An airplane is in level flight at a speed of 400 km/h and an altitude of 1000 m when it drops a bomb. (a) find the time it takes the bomb to reach the bottom . (b) find the bomb's speed when it strikes the ground.

Answer 1

First, convert the speed from km h^-1 to m s^-1.\[\frac{400}{3.6} \approx 111.11 m s^{-1}\]When the plane drops the bomb, the bomb experiences a speed of 111.11 m s^-1 horizontally due to inertia.

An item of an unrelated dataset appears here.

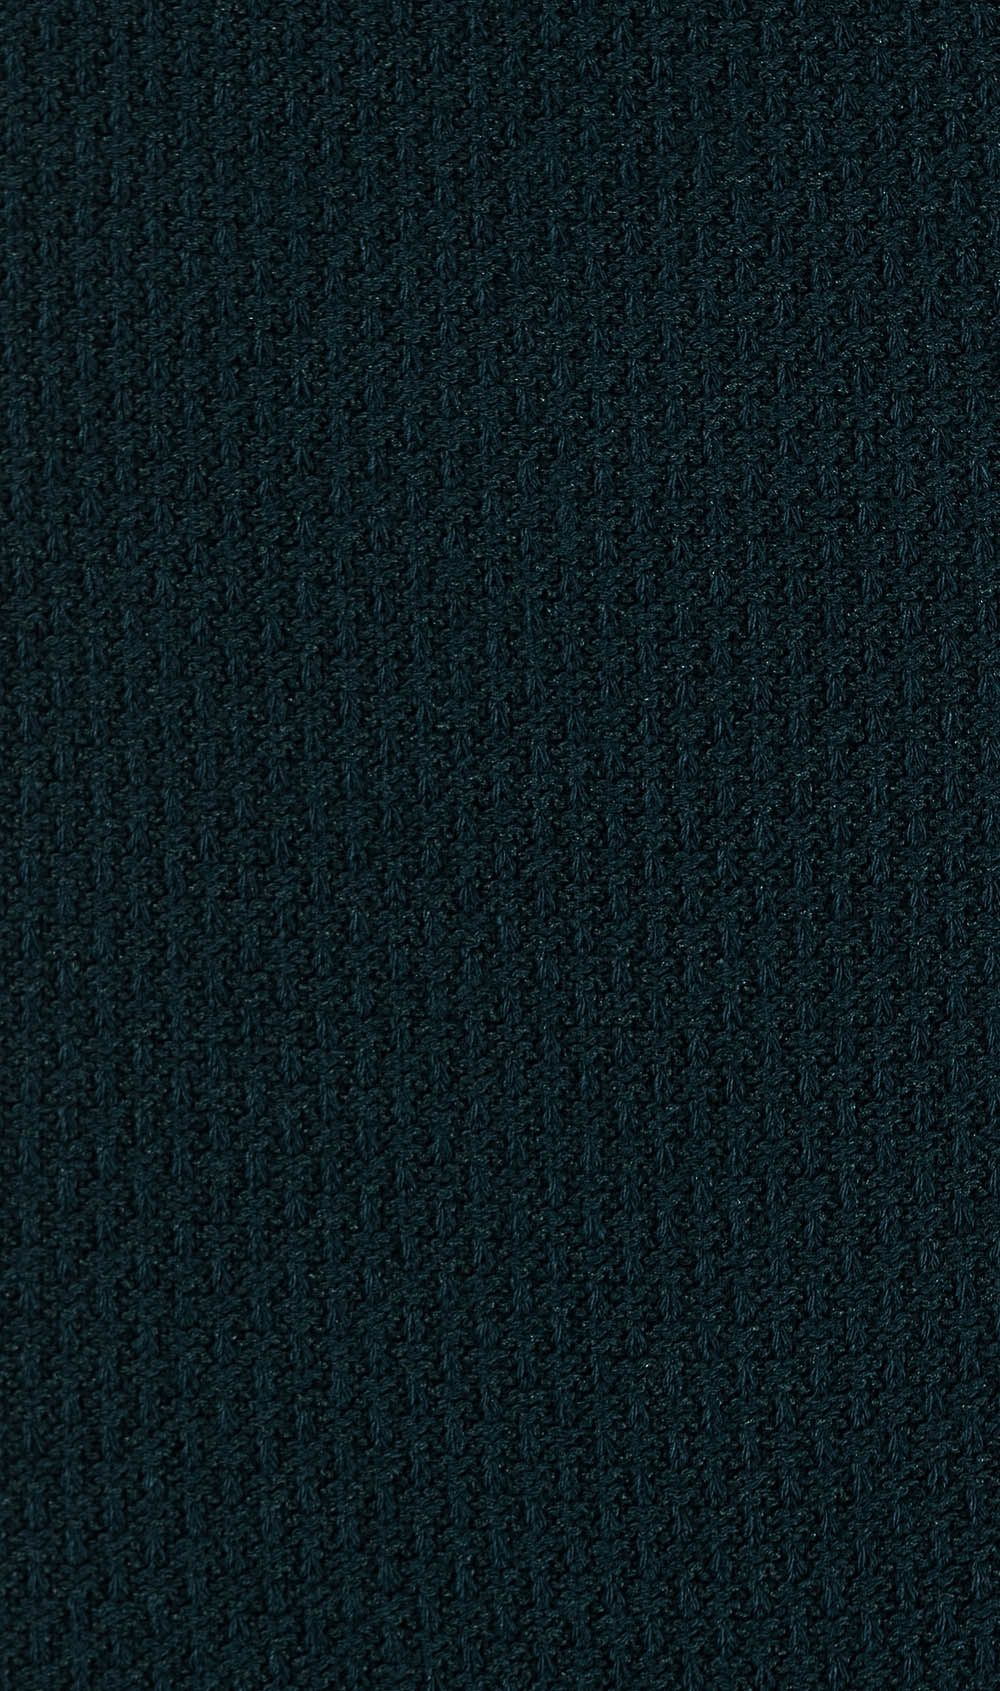 Dark Peacock Green Textured Socks Pattern
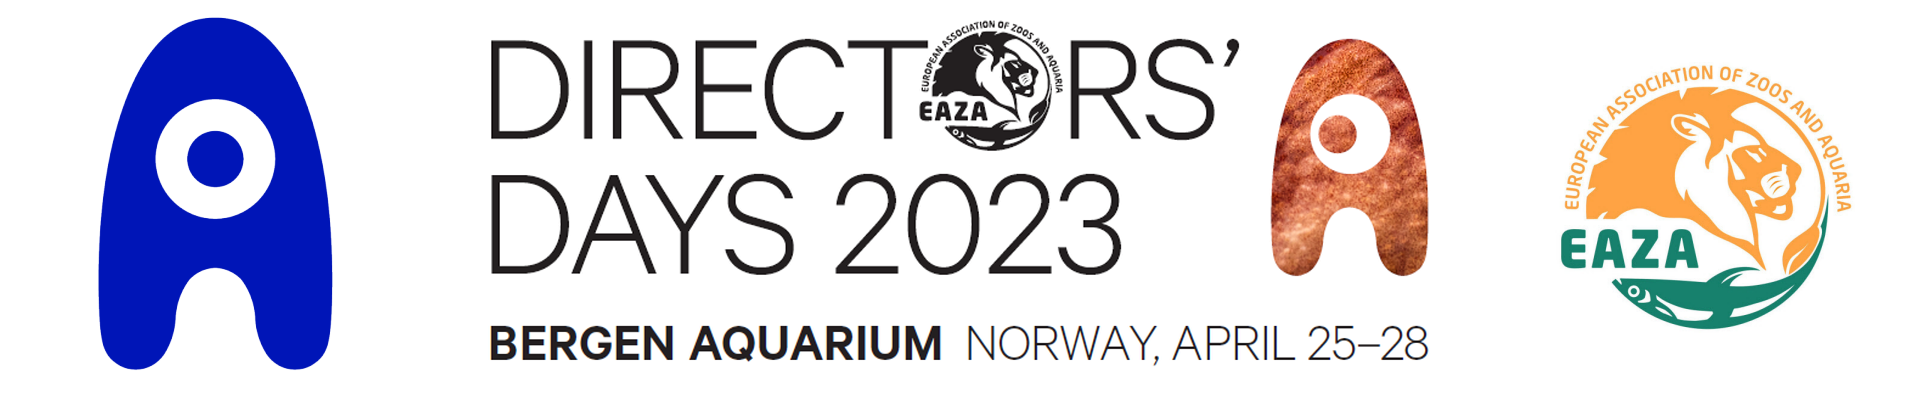 EAZA DIRECTORS' DAYS 2023

Using the formula, \[s=ut+\frac{at^{2}}{2}\]The horizontal displacement of the bomb will be\[s _{x}=111.11t\]Taking the upwards direction as positive, the vertical displacement of the bomb will be\[s_{y}=-\frac{g t^{2}}{2}\]For the bomb to reach the bottom, it needs to travel a vertical displacement of -1000 m.\[-1000=-\frac{g t^{2}}{2}\]\[t=\sqrt{\frac{2000}{g}}\]Taking g to be 9.81 m s^-2,\[t=\sqrt{\frac{2000}{9.81}}\]\[t \approx14.3 s\]So, the time taken for the bomb to reach the bottom is 14.3 s. Next, using this formula,\[v=u+at\]The horizontal velocity of the bomb will be\[v_{x}=111.11\]The vertical velocity of the bomb will be\[v_{y}=-g t\]To find the speed, you need to use the pythagoras' theorem,\[|v|=\sqrt{v_{x}^{2}+v_{y}^{2}}\]\[|v|=\sqrt{111.11^{2}+(-g t)^{2}}\]\[|v|=\sqrt{111.11^{2}+(-9.81(14.3))^{2}}\]\[|v|\approx179ms^{-1}\]So, the speed of the bomb when it strikes the ground is 179 m s^-1.